I'm webscraping a site using python. The returned results have the following format, ( https://regex101.com/r/irr14u/10 ), where everything works ok apart from the last occassion where i get 2 matches for the dates (1st match:Thur.-Sun., Tue., Wed. and second match: Mon.)
I'm using the following code to get the values that i want. I use BeautifoulSoup to get movieDate string, but here i hardcoded it.
movieDate="Thur.-Sun., Tue., Wed.: 20.50/ 23.00, Mon. 23.00"
weekDays=re.match(',? *(?P<weekDays>[^\d:\n]+):? *(?P<startTime>[^,\n]+)', movieDate).groupdict()['weekDays']
startTime=re.match(',? *(?P<weekDays>[^\d:\n]+):? *(?P<startTime>[^,\n]+)', movieDate).groupdict()['startTime']
I want to create a dictionary as following (it has two keys because the are two startTime values); The first key will be Thur.-Sun., Tue., Wed. with value =20.50/ 23.00 and the second key will be Mon. with value=23:00. There might be occassions with one or more than two keys.
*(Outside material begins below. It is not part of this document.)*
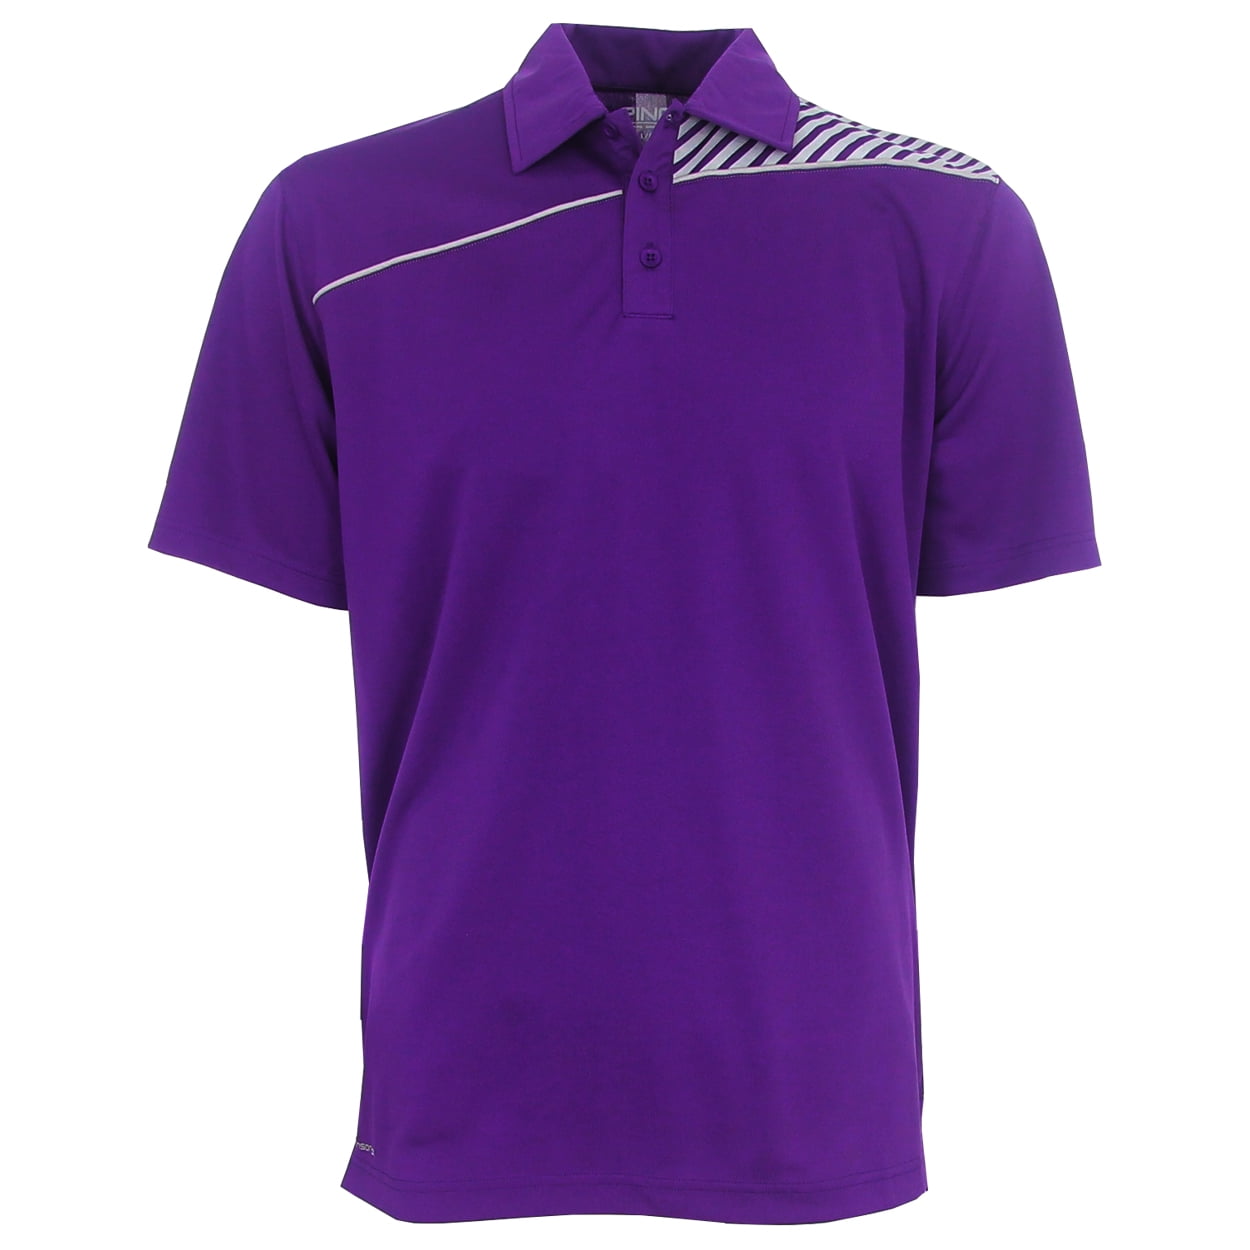 PING Golf Men's Approach Sensorcool Polo Shirt, Brand NEW - - Walmart.com

So the dictionary will be as following;
dictionary={ Thur.-Sun., Tue., Wed.: 20.50/ 23.00, Mon.: 23.00}
Any suggestions to achieve that in a non boggy way?
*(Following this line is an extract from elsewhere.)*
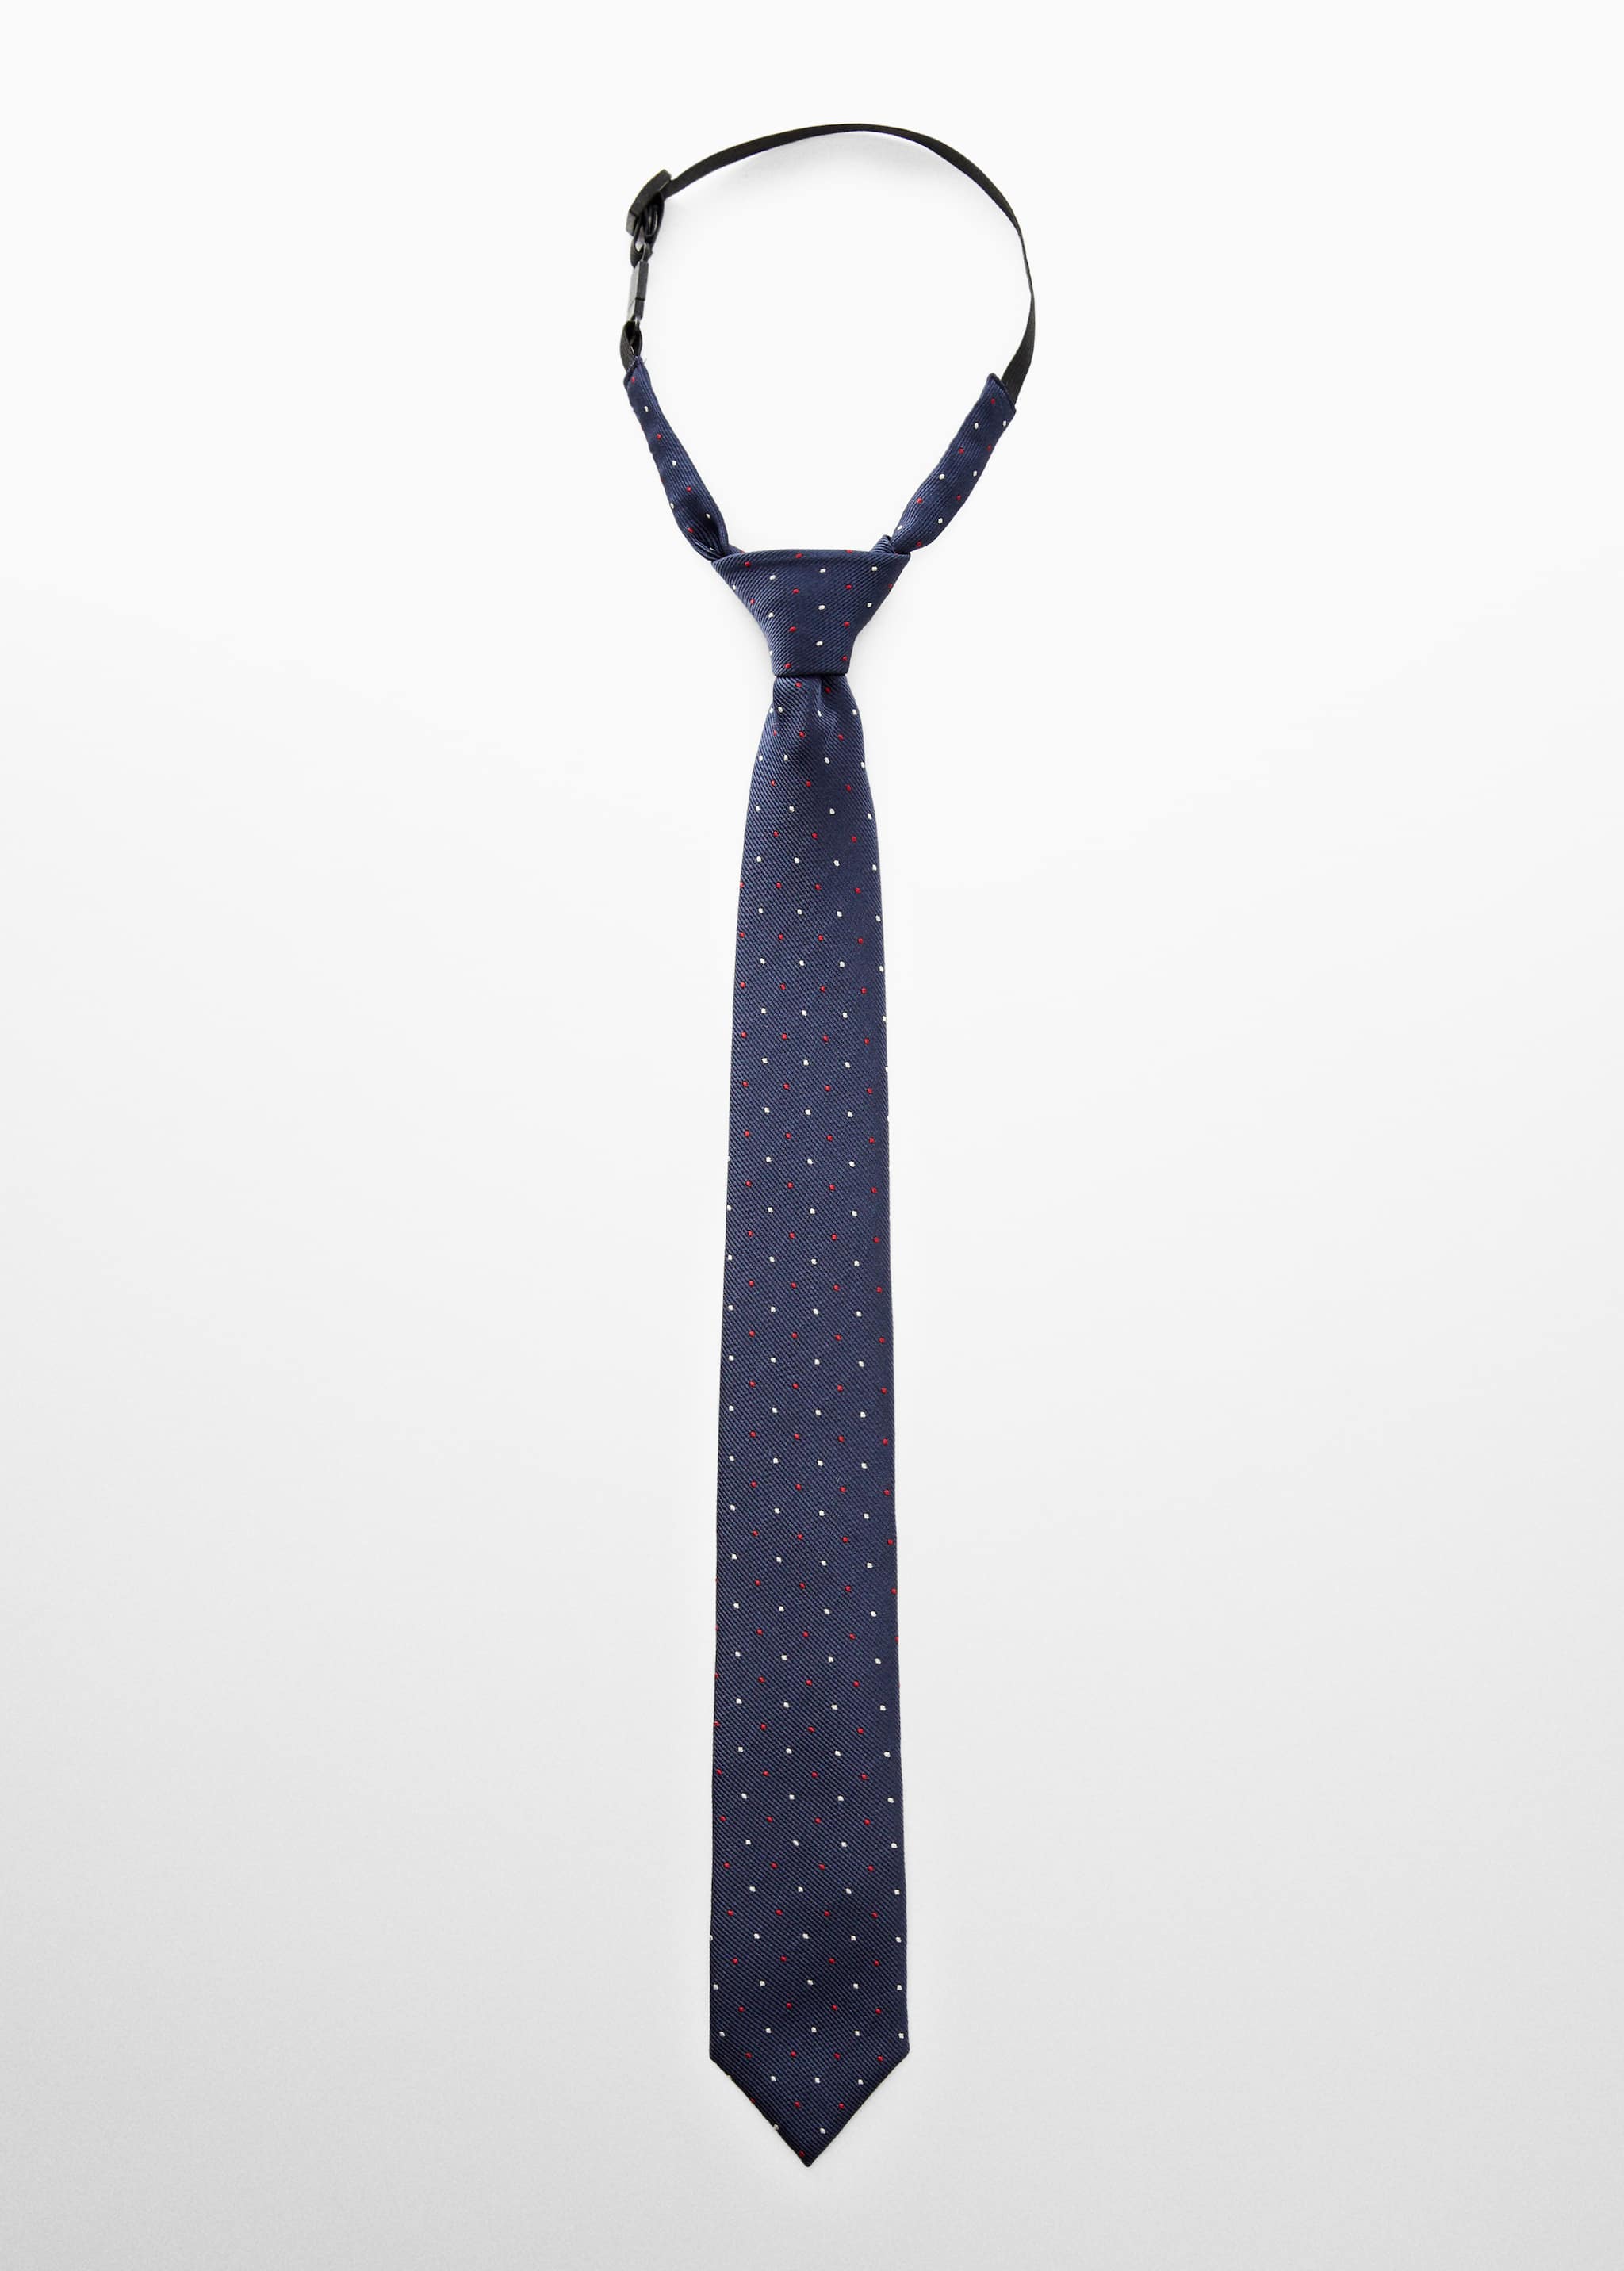 Cravate à pois - Article sans modèle

You can achieve the desired output using finditer
function, appending result of the captured groups to a dict dynamically.
Python snippet:
import re
movieDate = """
Thur.-Sun., Tue., Wed.: 20.50/ 23.00, Mon. 23.00
"""
d = dict();
r = re.compile(',? *(?P<weekDays>[^\d:\n]+):? *(?P<startTime>[^,\n]+)')
for m in r.finditer(movieDate):
d[m.group(1)] = m.group(2)
print(d)
Prints:
{'Thur.-Sun., Tue., Wed.': '20.50/ 23.00', 'Mon. ': '23.00'}